Serious Moves On Iran Diplomacy

In a major potential shift that bodes extremely well for an amicable resolution to strained US-Iranian relations, David Sanger reports that the Obama Administration, unlike its predecessor, will not demand the full result of negotiation BEFORE negotiating.

The Obama administration and its European allies are preparing proposals that would shift strategy toward Iran by dropping a longstanding American insistence that Tehran rapidly shut down nuclear facilities during the early phases of negotiations over its atomic program, according to officials involved in the discussions.

The proposals, exchanged in confidential strategy sessions with European allies, would press Tehran to open up its nuclear program gradually to wide-ranging inspection. But the proposals would also allow Iran to continue enriching uranium for some period during the talks. That would be a sharp break from the approach taken by the Bush administration, which had demanded that Iran halt its enrichment activities, at least briefly to initiate negotiations.

The proposals under consideration would go somewhat beyond President Obama’s promise, during the presidential campaign, to open negotiations with Iran “without preconditions.” Officials involved in the discussion said they were being fashioned to draw Iran into nuclear talks that it had so far shunned.


Sanger is actually hedging a bit too much here. The Bush Administration did not call for a halt to Iranian enrichment "briefly." They consistently called for a verifiable end to enrichment as a condition of talks, which were supposed to be about enrichment. In other words, this was like a contract negotiation where you ask for a million dollars up-front, before sitting down to talk about whether or not you get a million dollars. It was a negotiation fated never to begin, as nobody would be so stupid as to give away their entire bargaining power prior to bargaining. This gesture by Obama shows the Iranians that he's actually serious about diplomacy and engagement. As Mohamed ElBaradei of the IAEA puts it:

Mohamed ElBaradei, the director general of the United Nations’ International Atomic Energy Agency, whose inspectors would be a critical part of the strategy, said in an interview in his office in Vienna last week that the Obama administration had not consulted him on the details of a new strategy. But he was blistering about the approach that the Bush administration had taken.
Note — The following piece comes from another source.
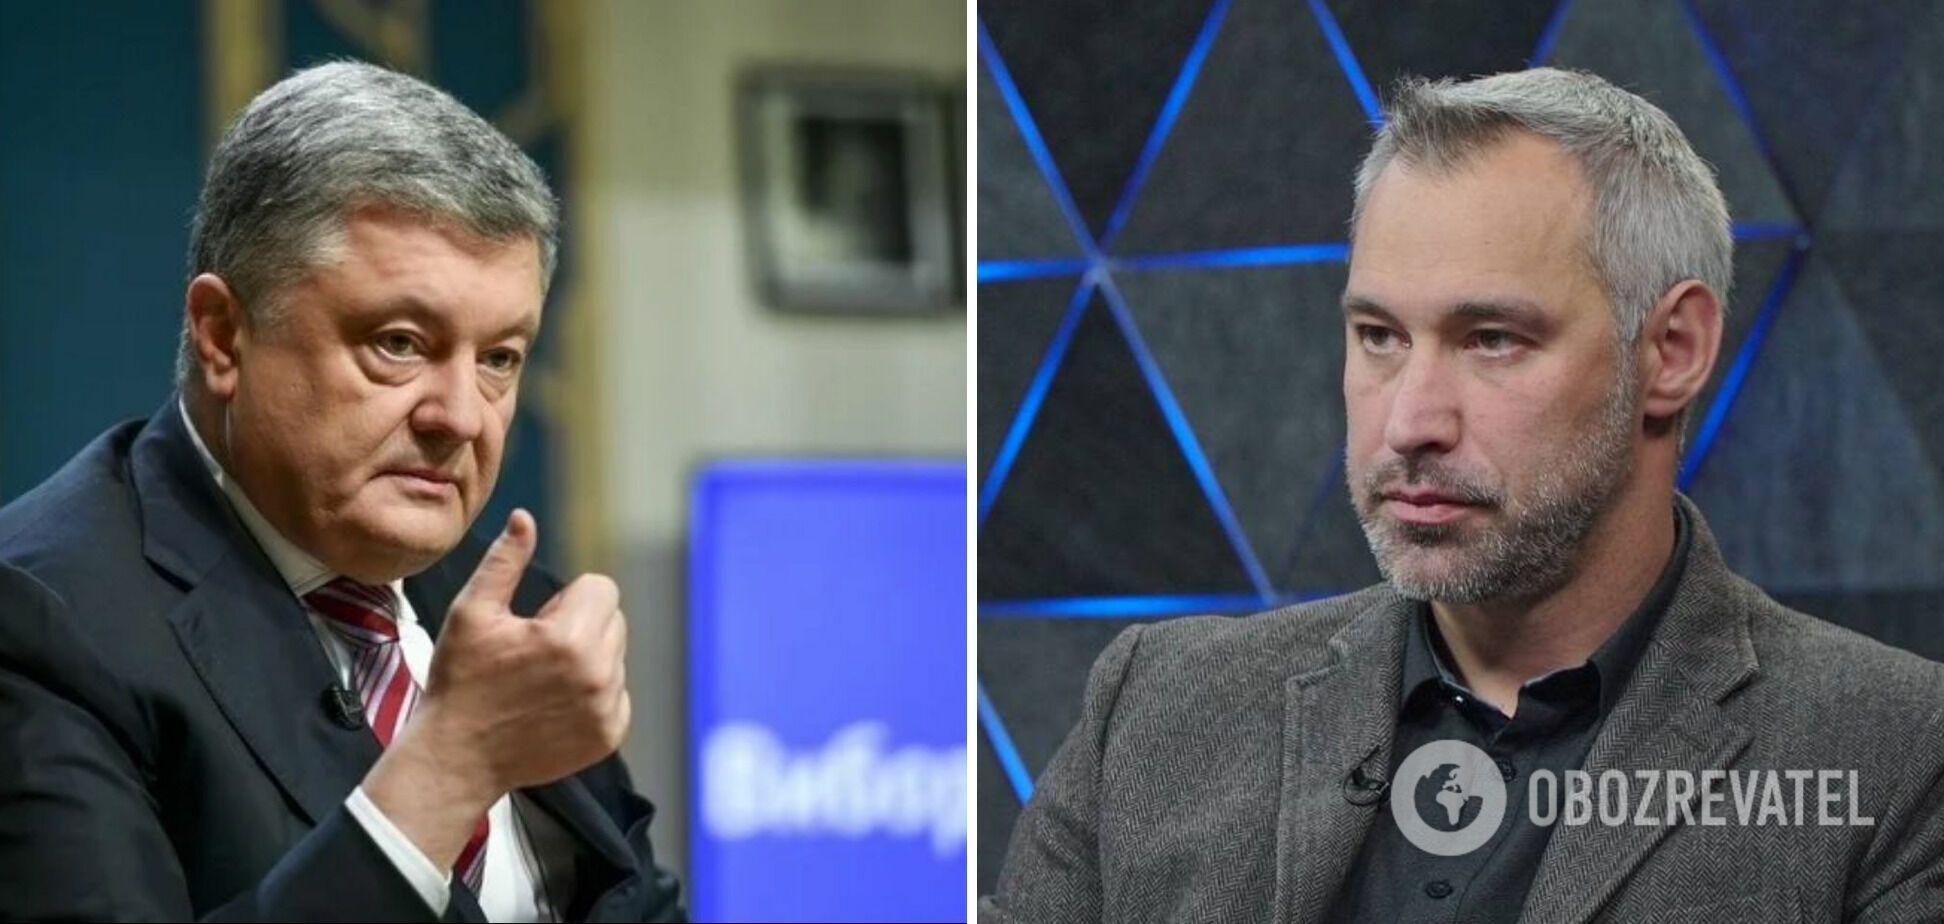 Рябошапка: я не подписал необоснованное подозрение против Порошенко

“It was a ridiculous approach,” he insisted. “They thought that if you threatened enough and pounded the table and sent Cheney off to act like Darth Vader the Iranians would just stop,” Dr. ElBaradei said, shaking his head. “If the goal was to make sure that Iran would not have the knowledge and the capability to manufacture nuclear fuel, we had a policy that was a total failure.”

Now, he contended, Mr. Obama has little choice but to accept the reality that Iran has “built 5,500 centrifuges,” nearly enough to make two weapons’ worth of uranium each year. “You have to design an approach that is sensitive to Iran’s pride,” said Dr. ElBaradei, who has long argued in favor of allowing Iran to continue with a small, face-saving capacity to enrich nuclear fuel, under strict inspection.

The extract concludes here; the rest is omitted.